In order to suggest some of the things we can do with our chess software, I‘ll venture a description of one of the most recent trends in this esoteric area and try to outline the important new computer chess forms that the Internet has brought about. This new development is revolutionary, regarding computer testing and self-improvement, so much so that in less than a year with the help of the Internet a chess computer program tester or a mere amateur chess player can accomplish as much as it would have taken him 3-5 years otherwise. What is it that the Internet offers us? Briefly, it offers us about a dozen chess servers where one can play chess against people from all over the world, and where an account for a chess program can be obtained so that the program can be tested in thousands of games. Most of the chess servers are free, only the prestigious Internet Chess Club is commercial; one can register there for a fee of about 40 dollars per year. You need an Internet connection through your ISP (Internet Service Provider), a graphics interface and a lot of time. There are several excellent interfaces for the PC, the most widespread of which is WinBoard, programmed by Dr. Tim Mann. This interface can be thought of as a graphical chess-board that is there for your convenience – apart from connecting you to a chess server, it can help you read pgn files, edit and save games, and serve as a GUI (Graphical User Interface) for a dozen or so chess programs. WinBoard is a modular concept and as such is only a cyber-induced version of the modularity started first on a large scale by the Hegener+Glaser in the famous Mephisto Modular series, the BP, MM4, MM5, etc. Hardware modularity was around for a while, and now, with the triumphant advent of PC chess programs there are two rather satisfyingly set-up modular software systems: the professional Fritz system and the free modular WinBoard system.

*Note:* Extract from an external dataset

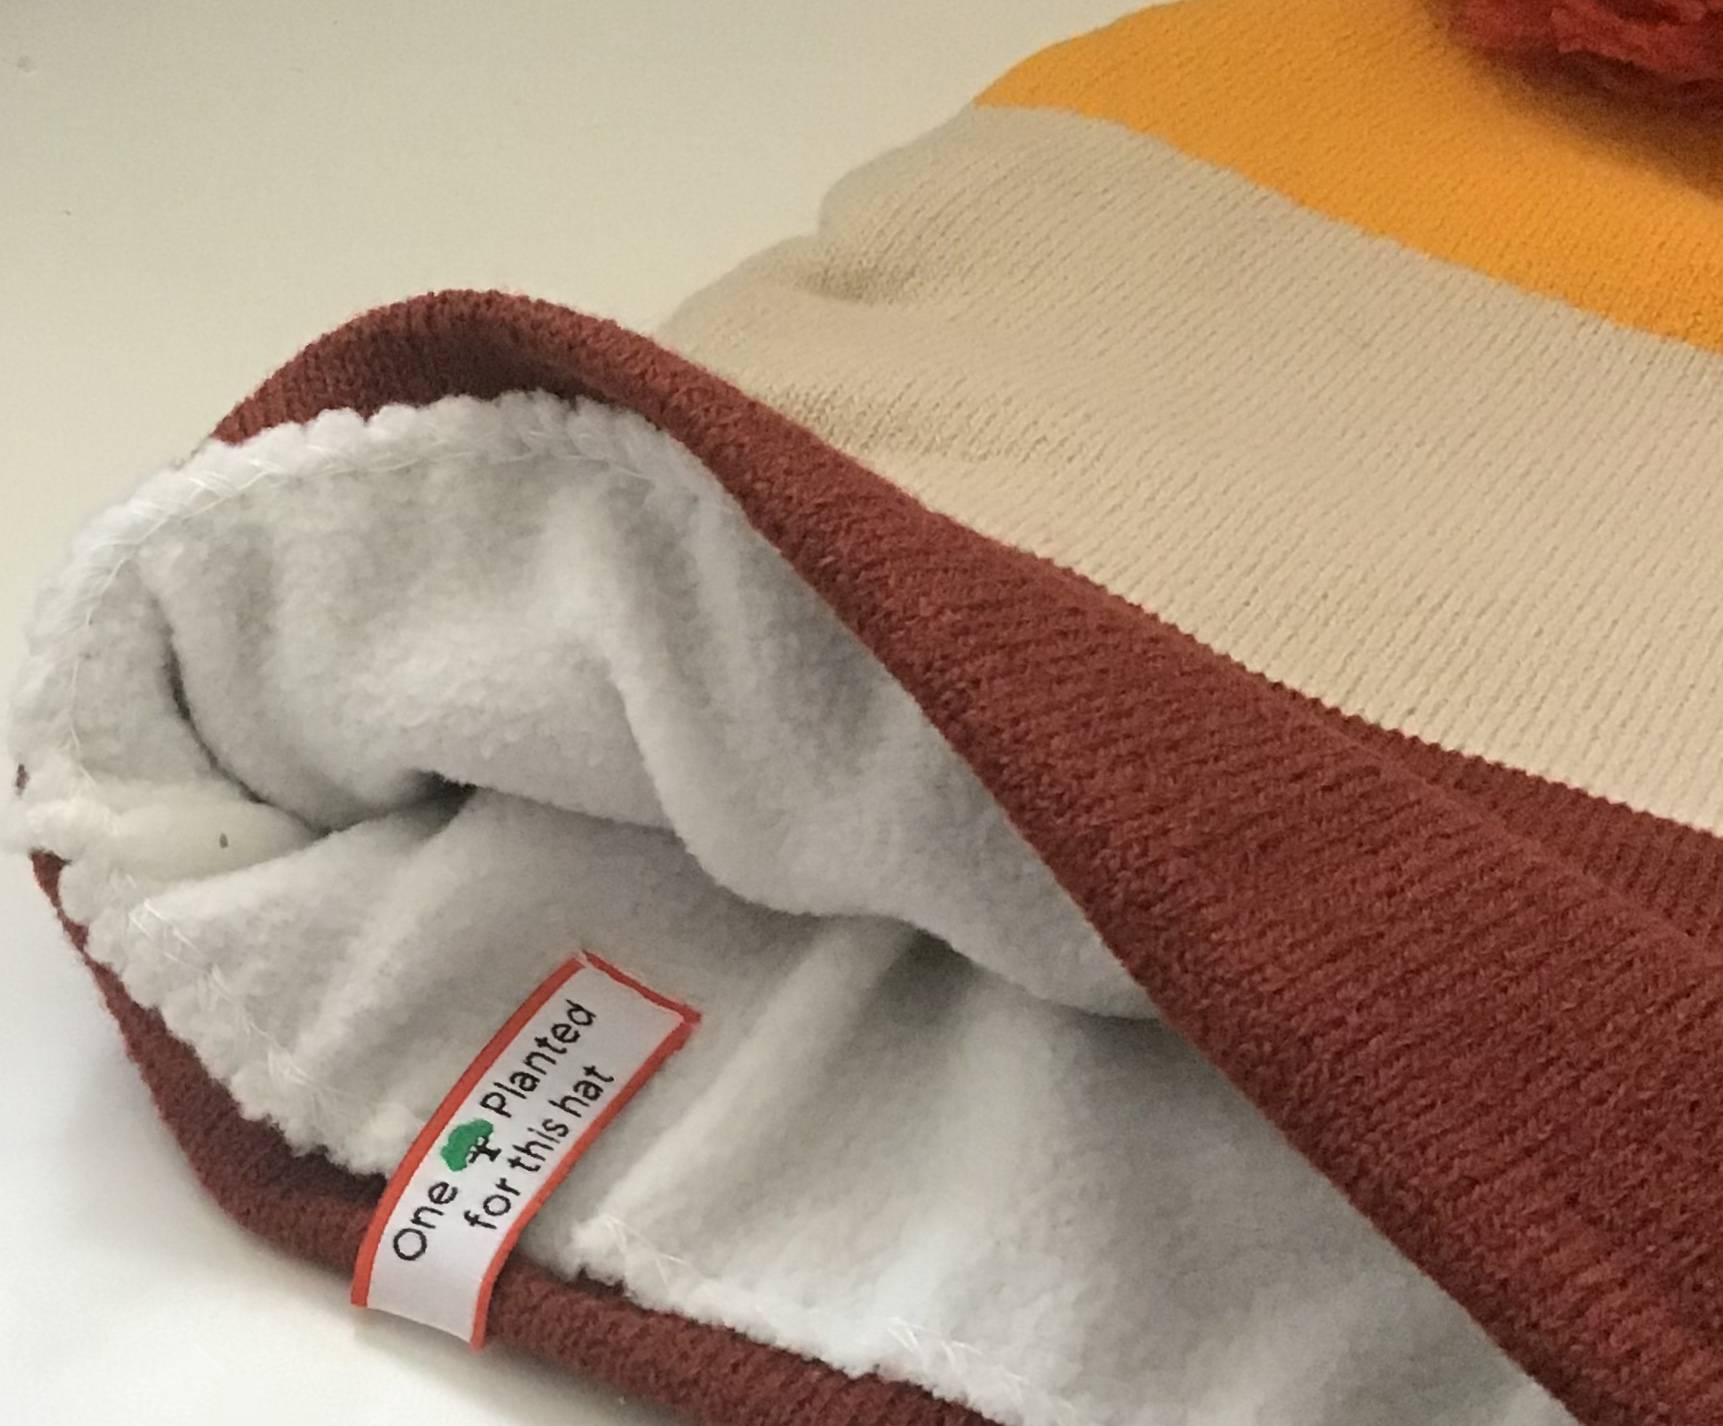 Fleece lined beanie with custom label

The Fritz modular system offers an almost perfect environment for program testing and for personal improvement in chess prowess. Its flagship is, of course, Fritz (four different engines are offered: 1.2, 3.10, 4.01, 5.03, and as additional modules are offered Hiarcs 6, Junior 4.6 and Doctor 2. Fritz plays a dominantly tactical game of chess, but is by no means a bad positional player, while Hiarcs and Junior, together with Doctor 2 extend the possibilities of this system so that a tester can compare the playing styles and pit two programs against each other without having to worry about saving the games, saving scores (auto-save is always on) or calculating the new ELO values (computed automatically). This, coupled with the exquisite book-making option, book-browsing capabilities and an almost perfect graphical interface have turned it into a professional tool that can be enjoyed both by GM and amateur alike. The only thing lacking, and I do not for a moment doubt that ChessBase are going to indulge the customers in this respect in due course – is a chess server interface enabling the customers to play their favorite programs against other programs or players on the Net. As Fritz and its environment have already been discussed in CSS (cf. CSS 4/97, articles by F. Friedel and C. Liebert on Fritz 5, and CSS 2/97, an article on Hiarcs 6 as a Fritz 5 engine by M. Wnllenweber) I shall not deal with it here.

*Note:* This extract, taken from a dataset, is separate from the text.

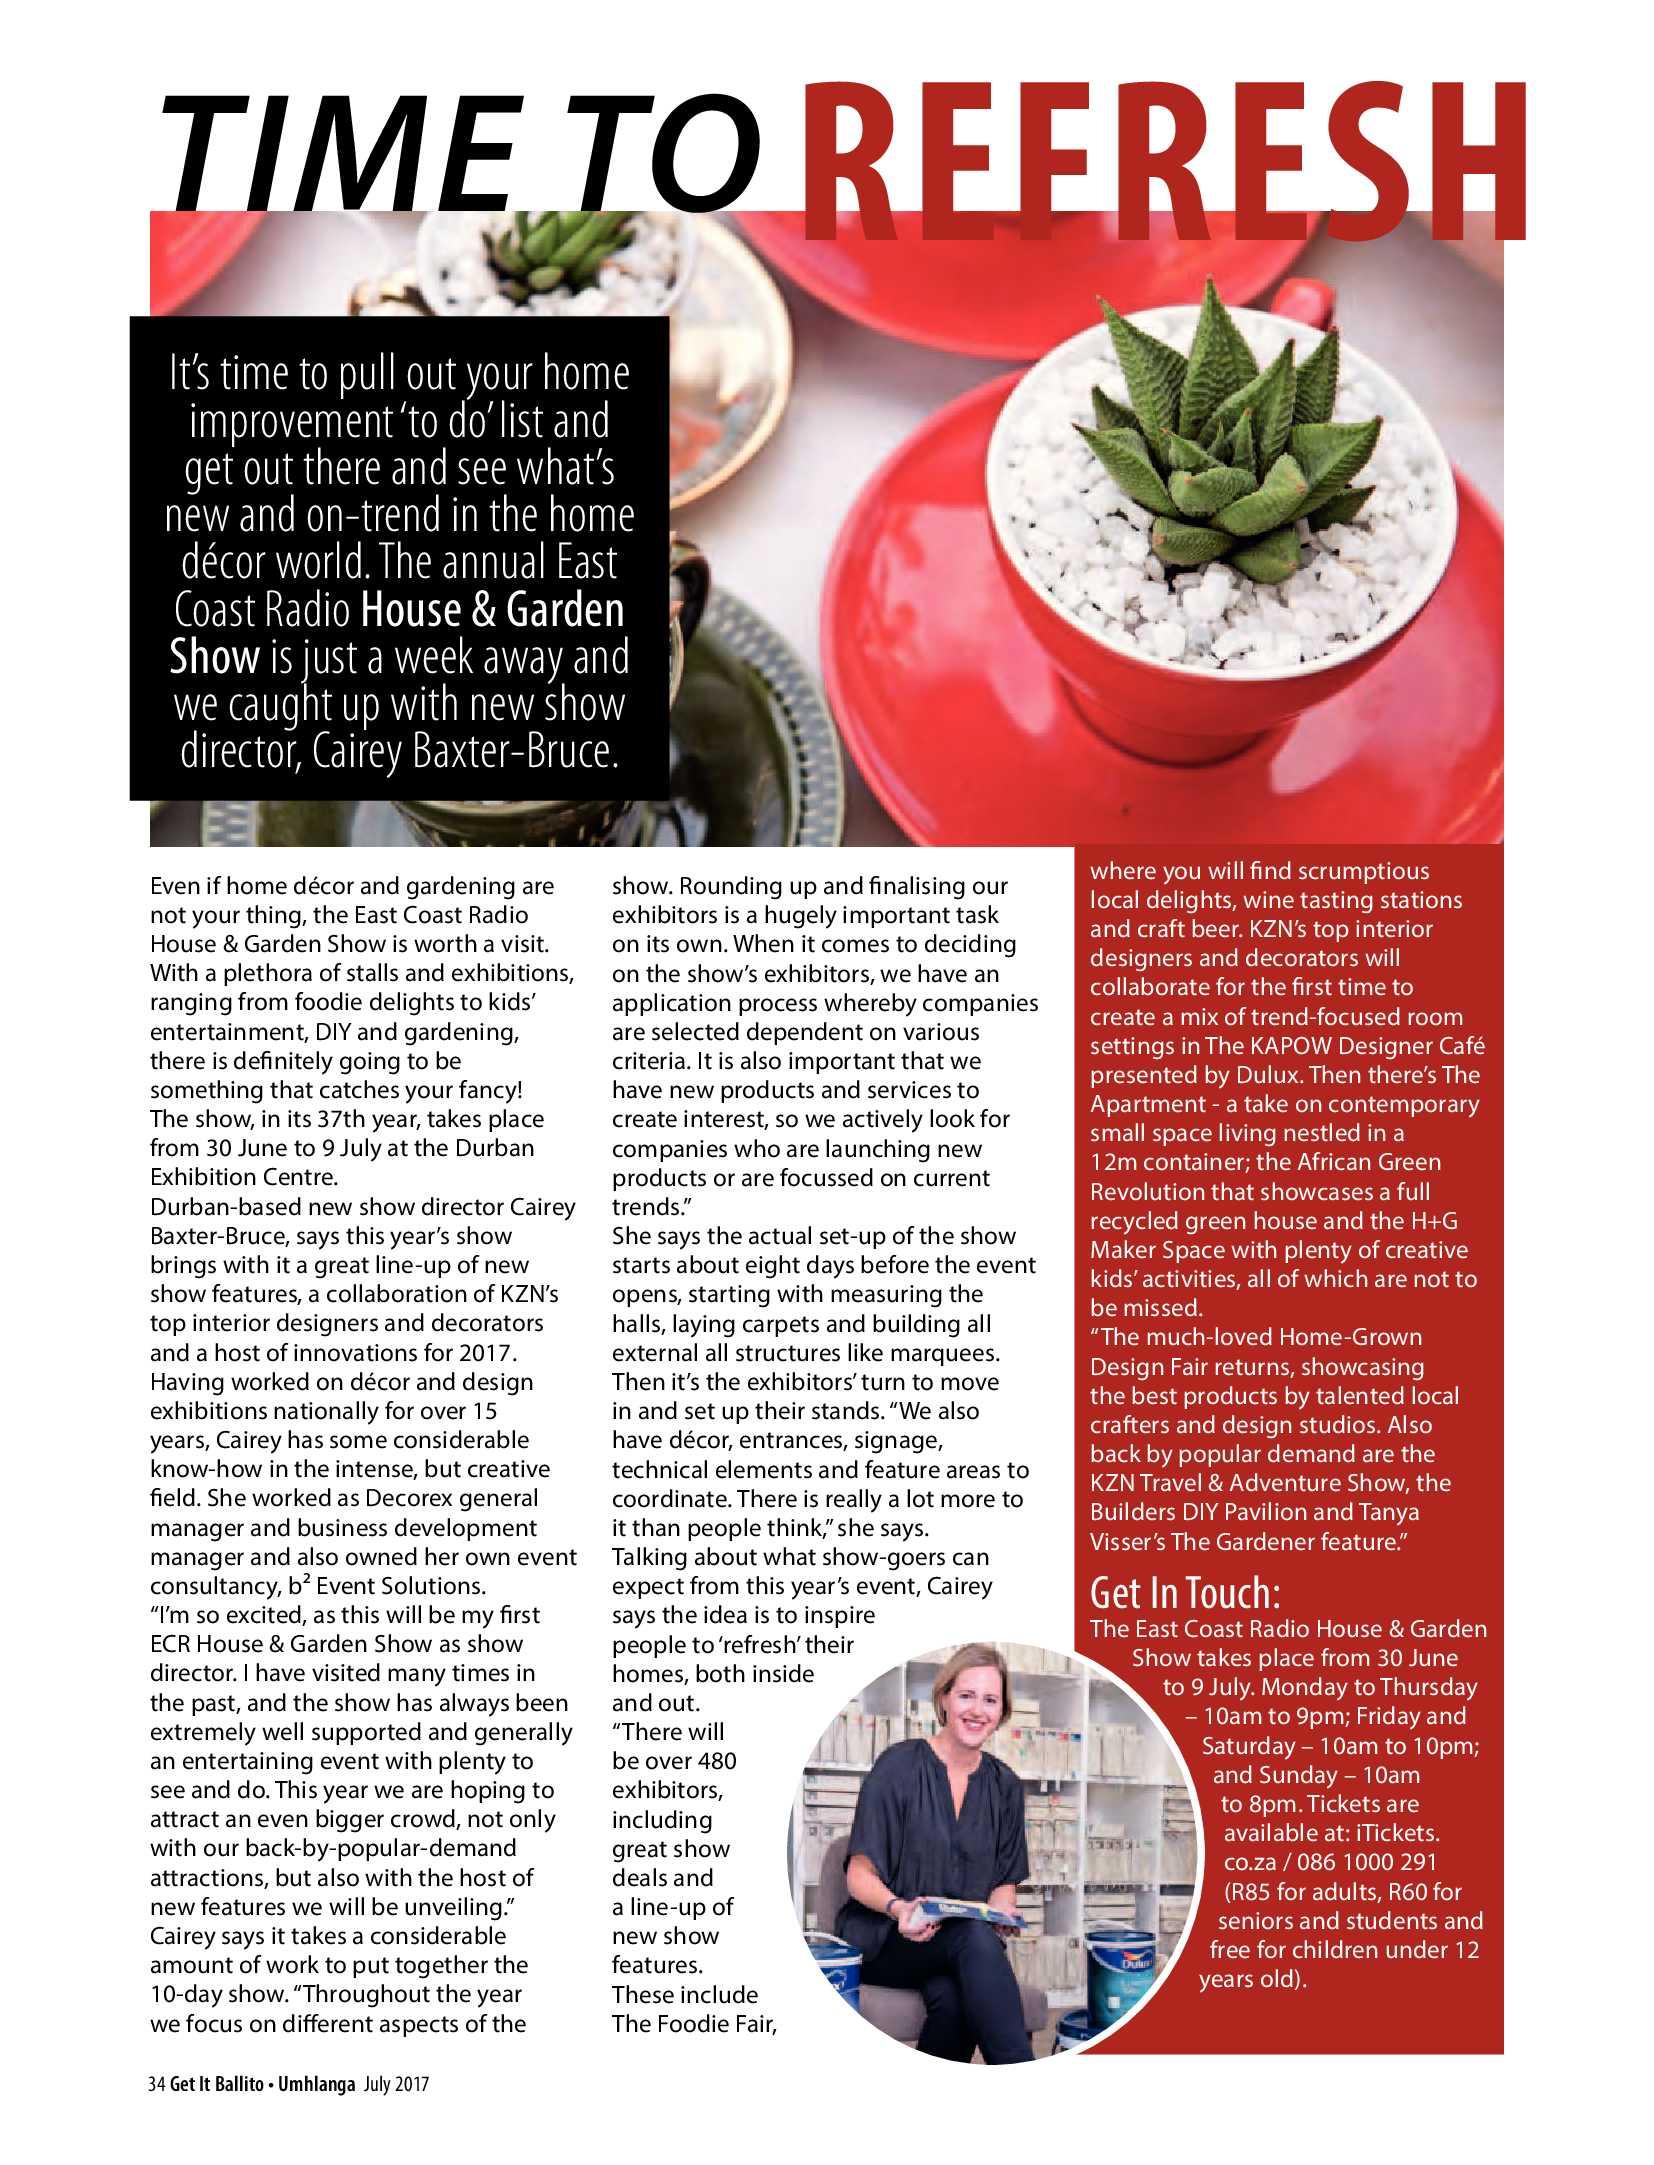 get-magazine-ballitoumhlanga-july-2017-2-epapers-page-36

The other rapidly growing modular system – WinBoard, mentioned above, is in its beta-testing stage (3.6.10), improving on the older variant WinBoard 3.6.2 that was quite stable and widely used by many net players to hook up to chess servers and play games there. As stated, WinBoard offers three choices on start: a game of chess against its default chess program – Gnu (patch 77, ver. 4), automatic logging on to one of a dozen or so chess servers (addresses and ports are pre-set) and browsing a pgn collection of games. The beta variant is graphically impressive – I’d venture to say that it is one of the best graphical interfaces around, has sound card support and animated piece movement. What also matters is the range of computer programs compatible with it, employing its Win 32 bit protocols. Notably the first addition to the communal Gnu program was Dr. Robert Hyatt’s Crafty engine that had had only text output up to version 10.18 (that placed highly in the WMCC in 1996). Then Mann and Hyatt agreed on the protocol and Crafty slowly outpaced Gnu. Soon, there appeared some new engines -- a strong program by Remy Coulom, The Crazy Bishop, and several weaker ones such as Tristram by James F. Long, SSE Chess by Sam Slutzky and Olipow by Oliver Brausch (now available in an improved form and adapted for Linux, rechristened there as Olithink). Meanwhile, some middle-of-the-roaders have appeared too – for instance Dan Homan’s Exchess ver. 2.33, as a very solid program that has come a long way from a complete duffer to a strong 2200 blitz player in a very short period of time, and John Dart’s Arasan that is about 2200 at blitz too (the default host machine being a PPro/200). In this article I’ll focus my attention on three strongest engines compliant with WinBoard: Crafty, Comet and Patzer. By covering Patzer, the program that I am testing and running on the Internet, in more detail, I will hopefully have shown the possibilities offered by WinBoard and the Internet both to the chess computer fan and the programmer.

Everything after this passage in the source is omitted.